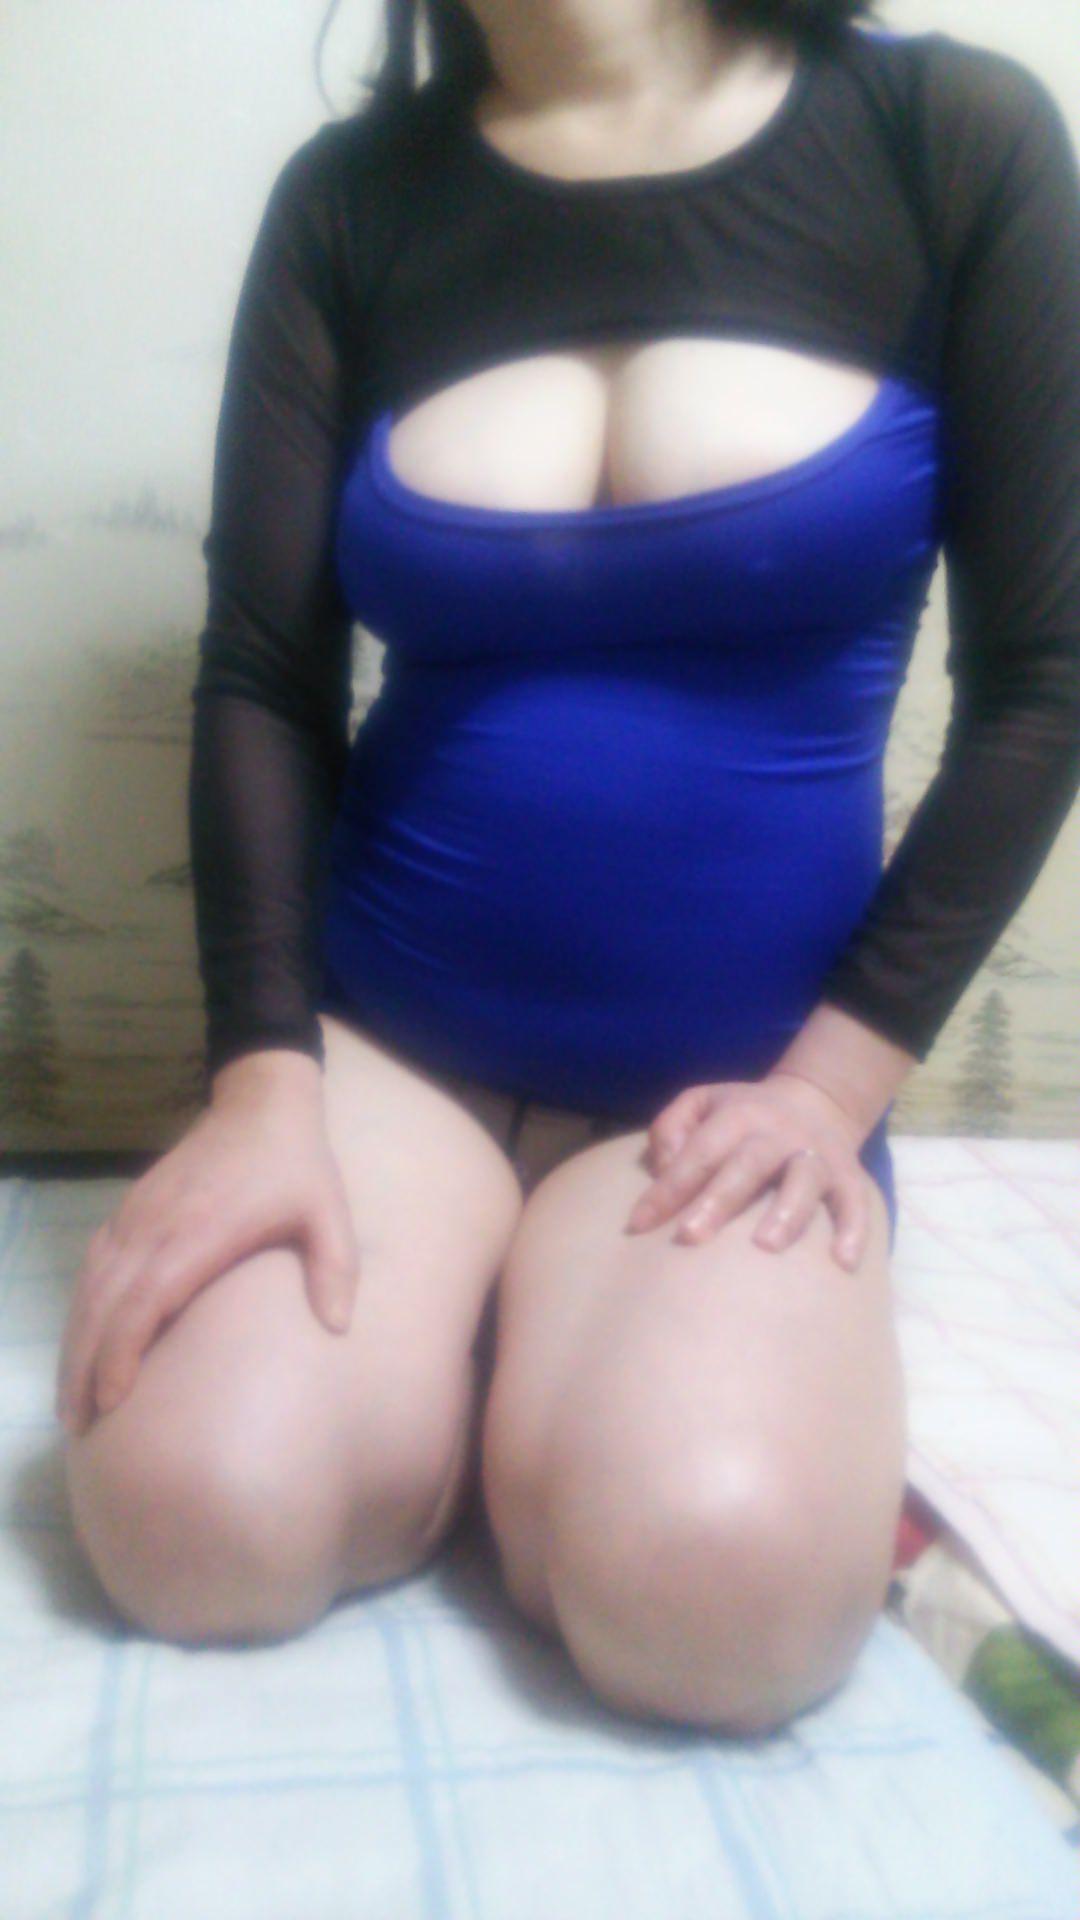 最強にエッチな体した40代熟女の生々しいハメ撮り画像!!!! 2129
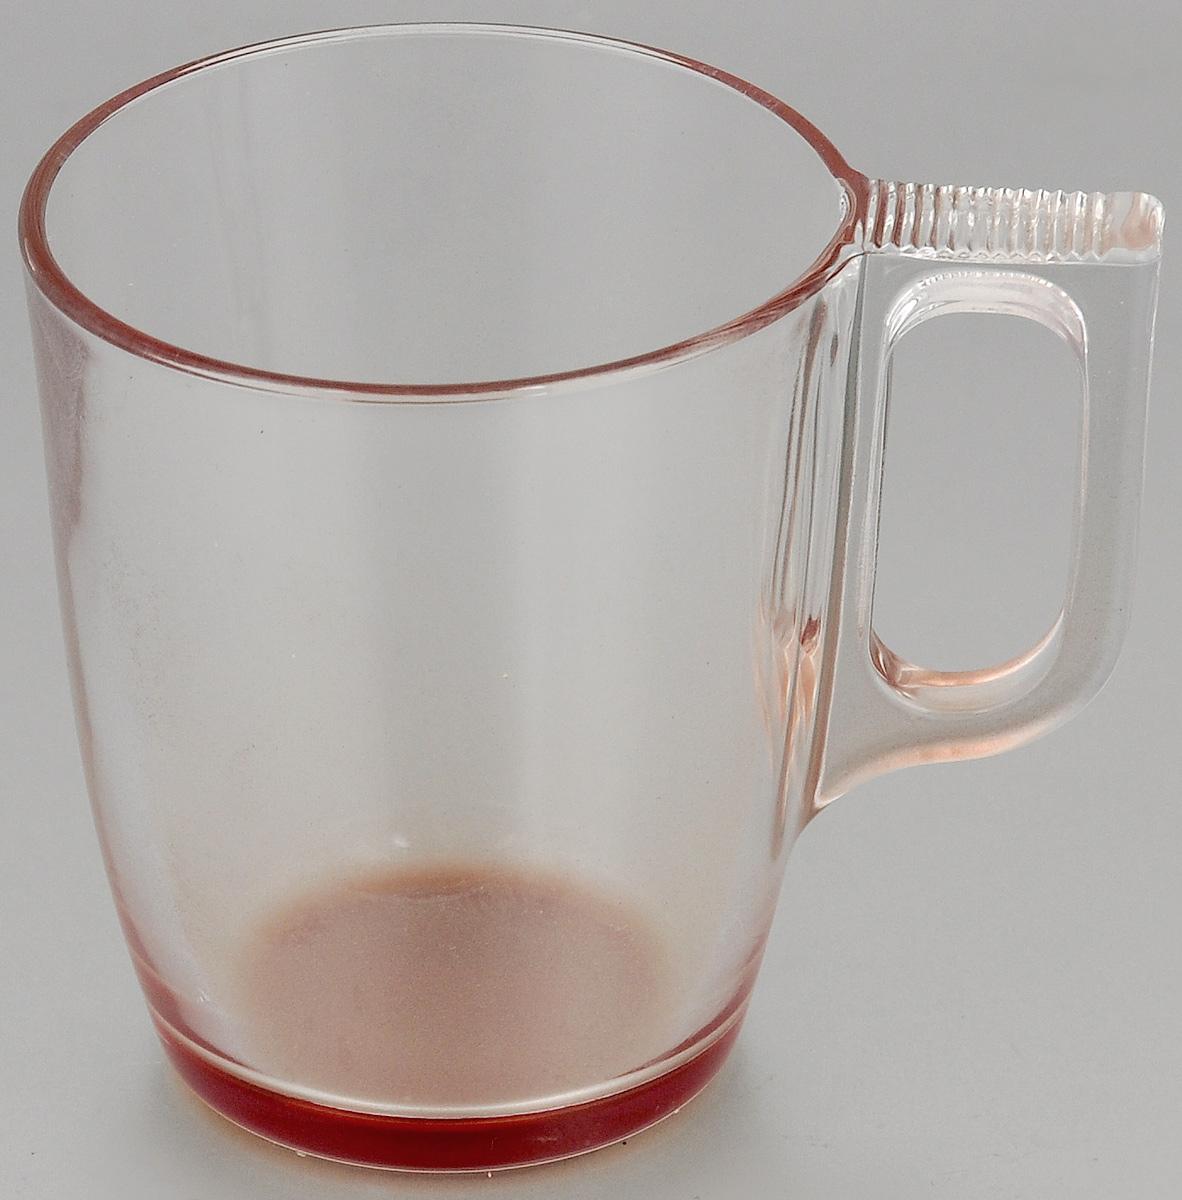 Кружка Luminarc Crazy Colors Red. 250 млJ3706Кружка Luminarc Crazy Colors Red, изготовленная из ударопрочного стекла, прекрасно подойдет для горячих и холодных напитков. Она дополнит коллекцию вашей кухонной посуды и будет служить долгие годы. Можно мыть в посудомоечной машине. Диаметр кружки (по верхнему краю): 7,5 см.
= = =
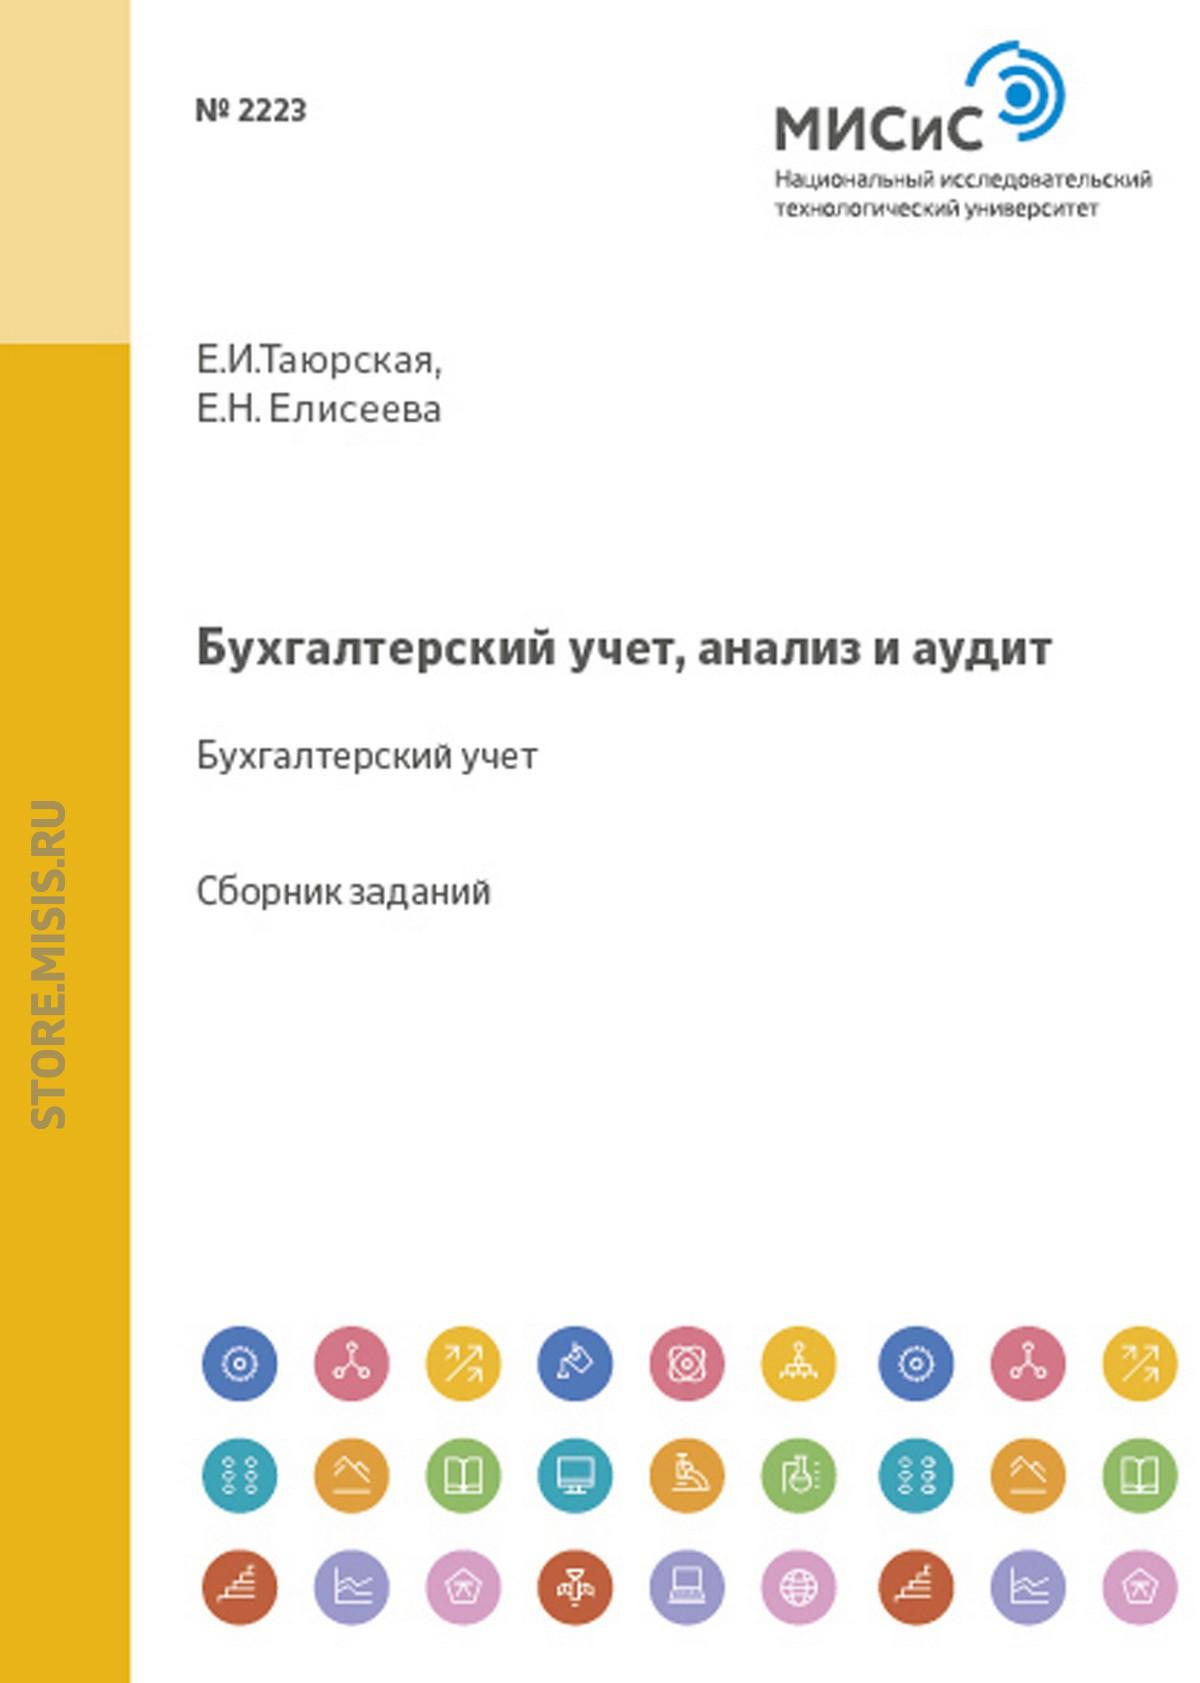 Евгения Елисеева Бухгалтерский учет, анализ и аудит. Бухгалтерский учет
= = =
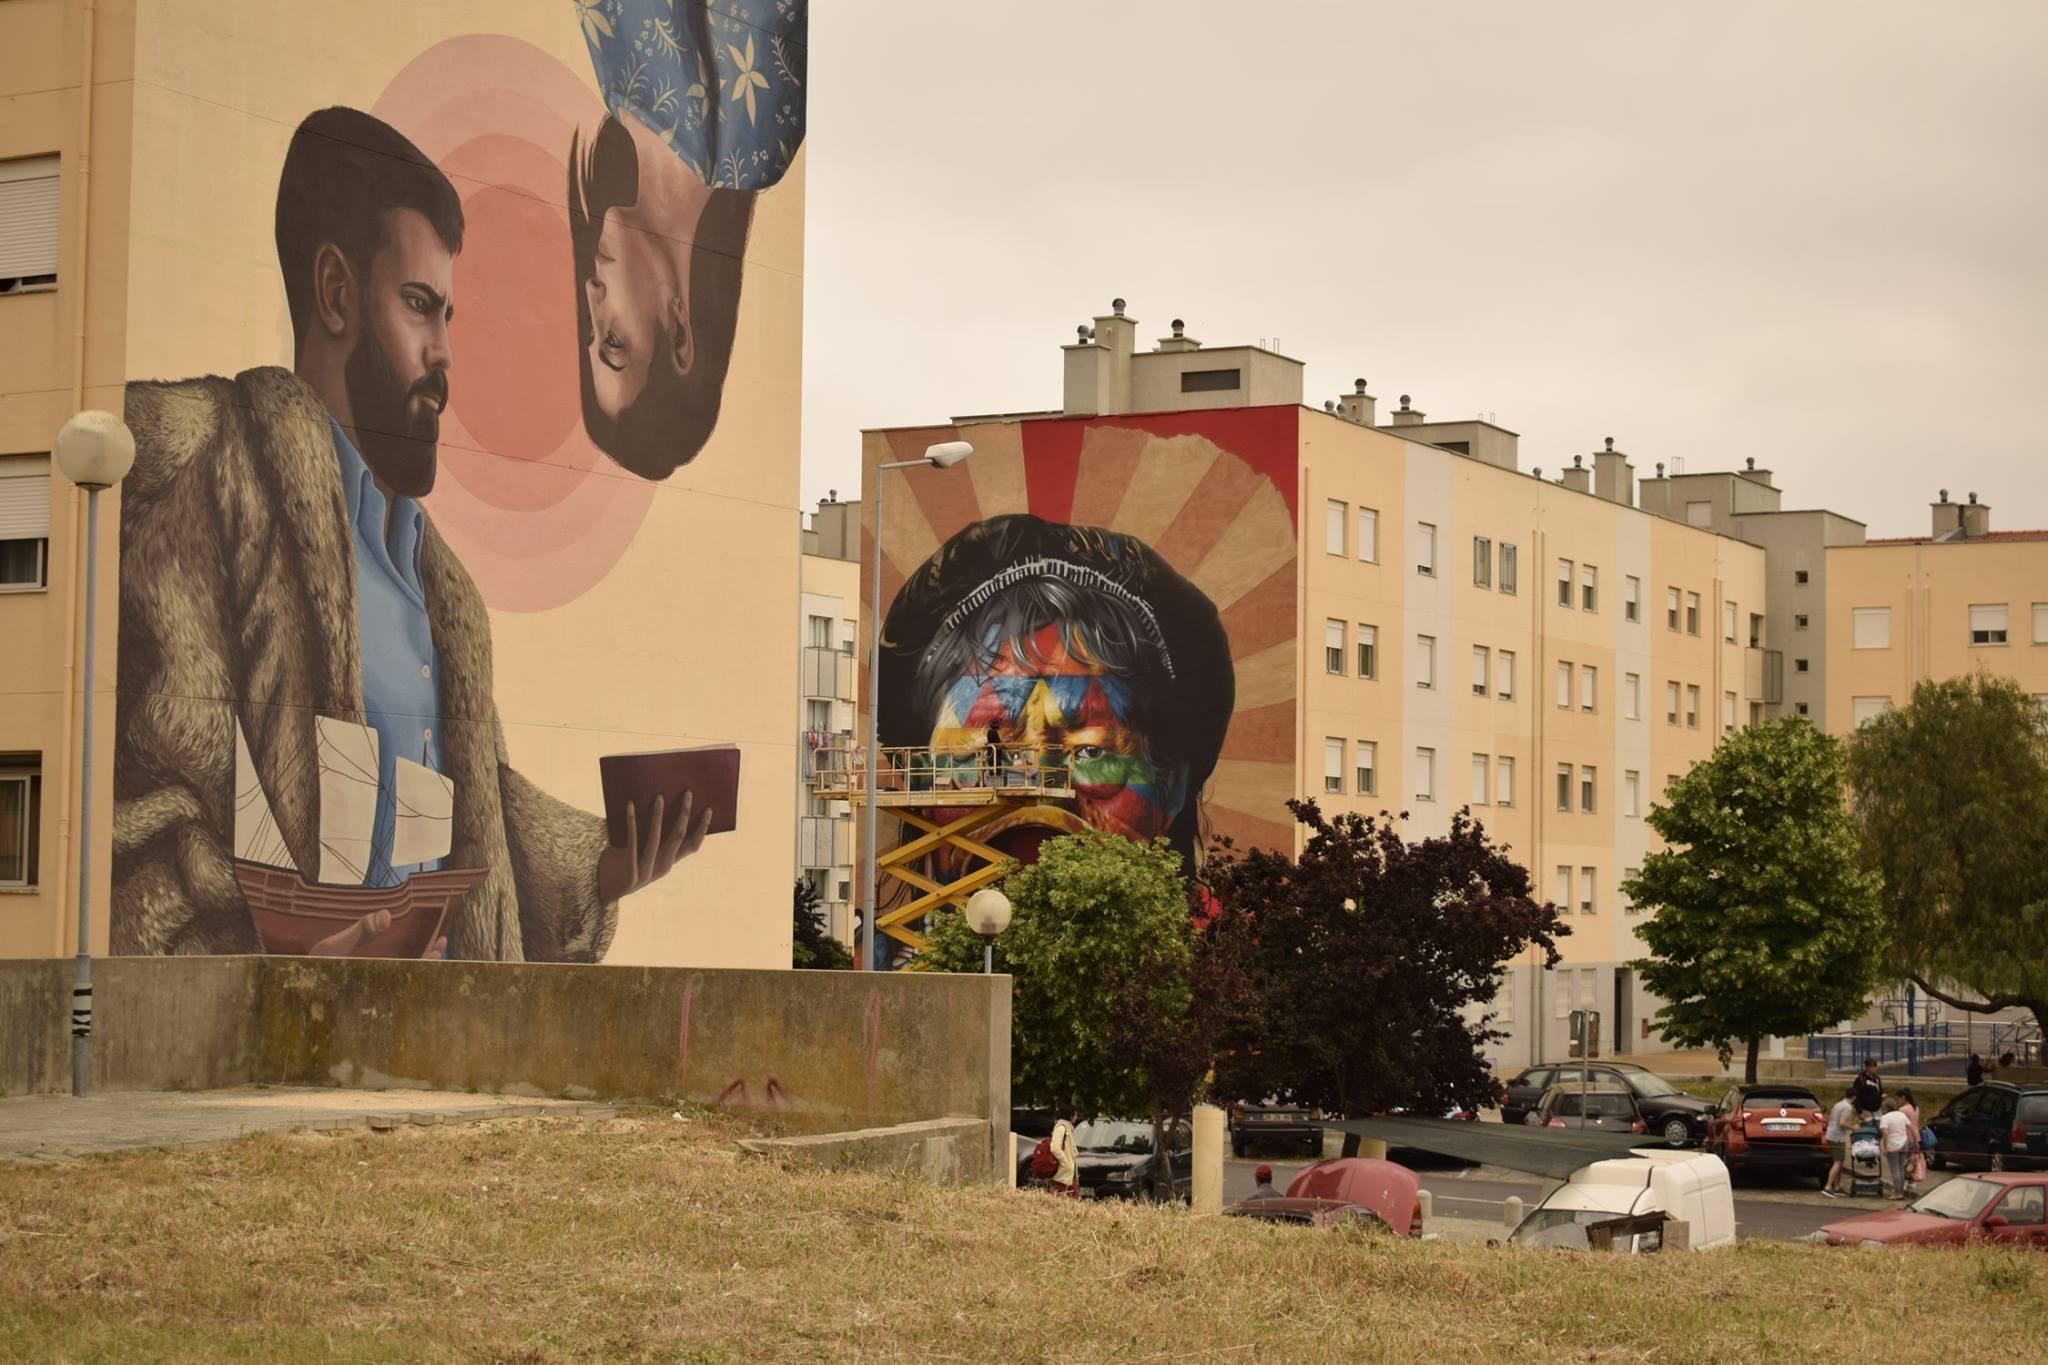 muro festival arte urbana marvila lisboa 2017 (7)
= = =
# YOUR ASSIGNMENT:
Because only one stretch of the records is wanted, please output the lines from the one holding "最強にエッチな体した40代熟女の生々しいハメ撮り画像!!!! 2129" through the one holding "Кружка Luminarc Crazy Colors Red." exactly, both included, and leave every picture out.

# YOUR RESPONSE:
 最強にエッチな体した40代熟女の生々しいハメ撮り画像!!!! 2129
 Кружка Luminarc Crazy Colors Red. 250 млJ3706Кружка Luminarc Crazy Colors Red, изготовленная из ударопрочного стекла, прекрасно подойдет для горячих и холодных напитков. Она дополнит коллекцию вашей кухонной посуды и будет служить долгие годы. Можно мыть в посудомоечной машине. Диаметр кружки (по верхнему краю): 7,5 см.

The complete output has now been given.